When we last checked in on Quezada v. Brown -- the groundbreaking habeas case in which authorization to file a second petition and a request for discovery were granted -- the State had moved for reconsideration of the DJ's order granting discovery.
The good news is that, back on October 19, the DJ denied Respondent's motion for reconsideration on both procedural and substantive grounds. First, the DJ faulted Respondent for filing the motion in an untimely fashion. The DJ rejected all of Respondent's excuses for the late filing.
More important, the DJ rejected the arguments on the merits. And it's an important decision. As mentioned in the prior post, the State had argued that Pinholster had changed the law and discovery was no longer appropriate in a habeas corpus proceeding as the 2254(d)(1) analysis only focuses on the facts that were before the state court.
The DJ disagreed. First, the DJ concluded that Pinholster did not change the law on discovery as that decision did not mention discovery, the rule that covers discovery (RGHCCUS2254 6) or even mention the leading Supreme Court case on the issue, Bracy v. Gramley. The DJ believed that, if Respondent was correct, it would render Rule 6 meaningless and would require the DJ to find that Bracy is no longer good law. The DJ also noted that petitioner's claims was pursuing claims beyond a 2254(d)(1) claim.

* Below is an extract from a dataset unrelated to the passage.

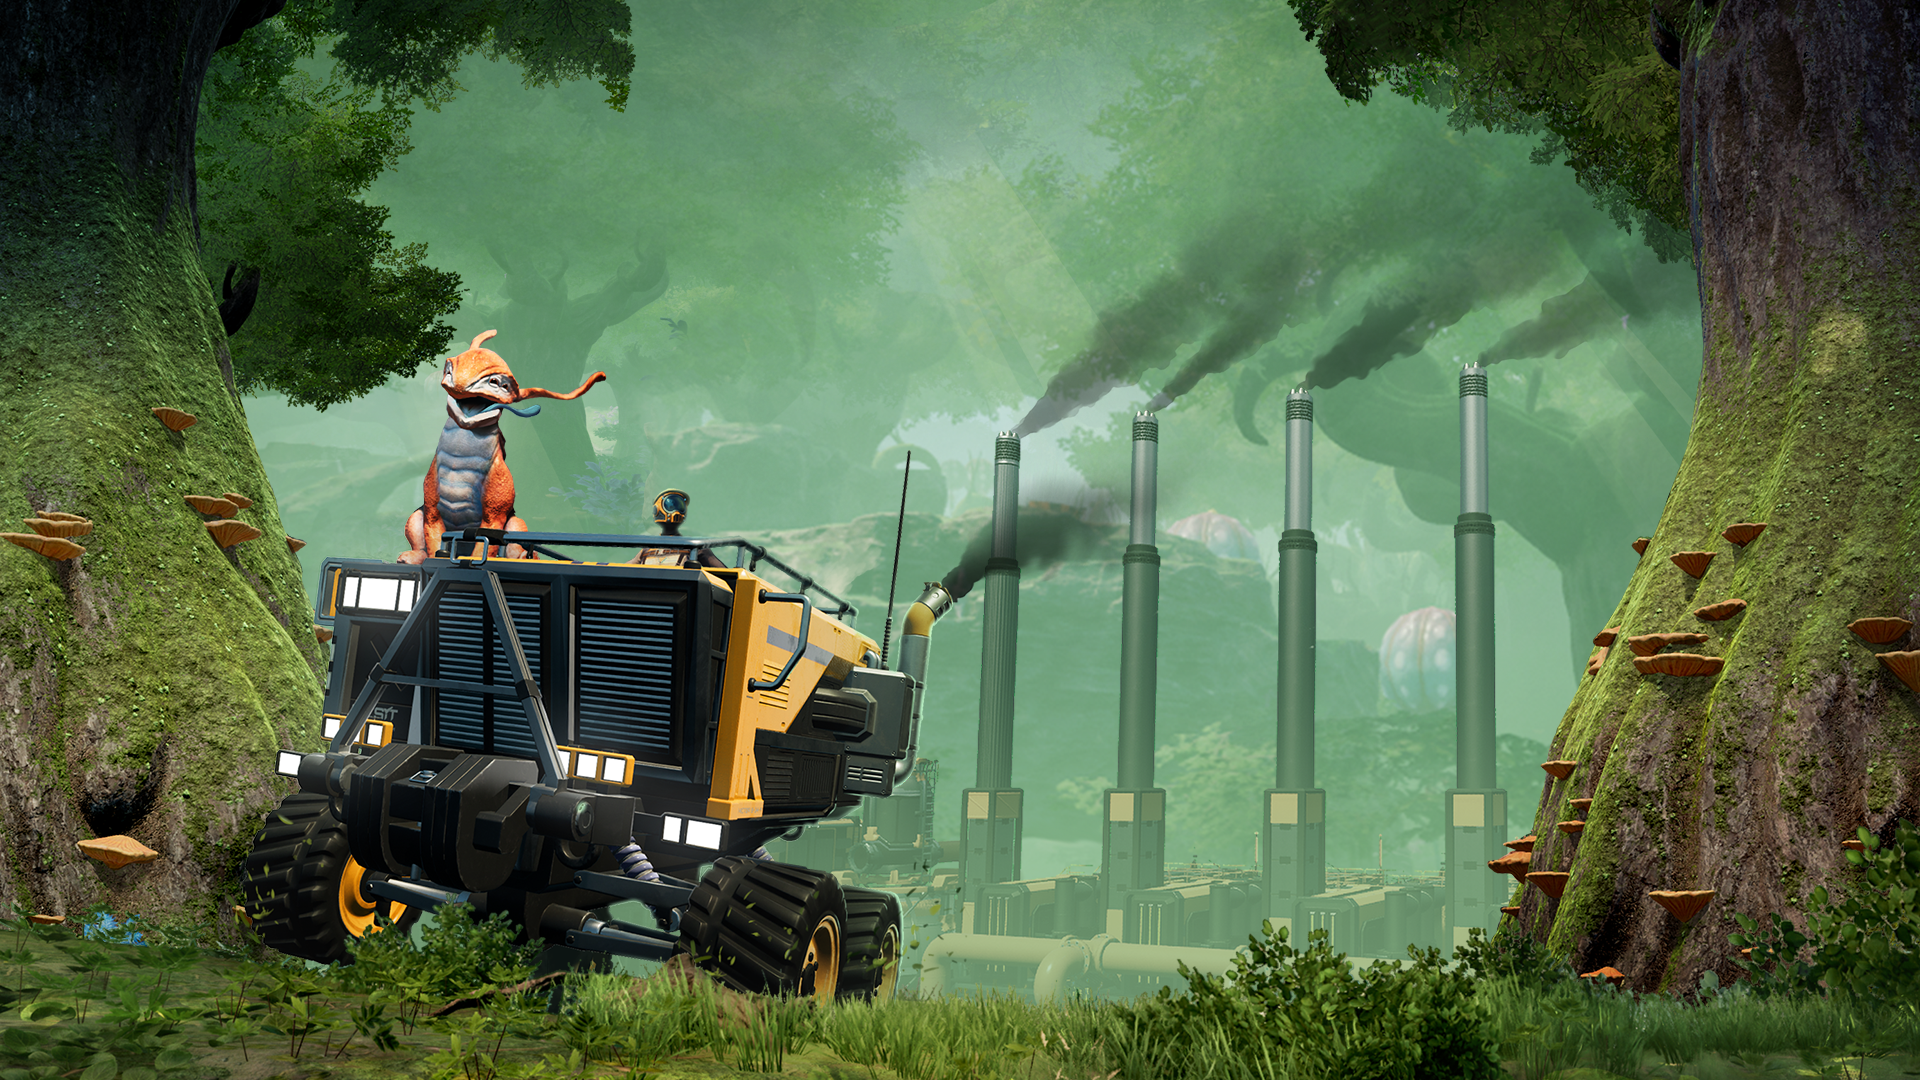 Promotional screenshot for videogame Satisfactory's 1.0 release announcement

Thus, the DJ joins those cases that have reached a similar conclusion (Conway v. Hauk (from SD Ohio) & Brady v. Hardy (from ND Ill), both cited in the DJ's order). But there is a definite split developing here. I would think that the Supreme Court will have to weigh in on this someday. But for now, at least in Quezada, discovery continues.*
*Just to note, discovery continued while the motion for reconsideration was pending. I guess it just continues to continue.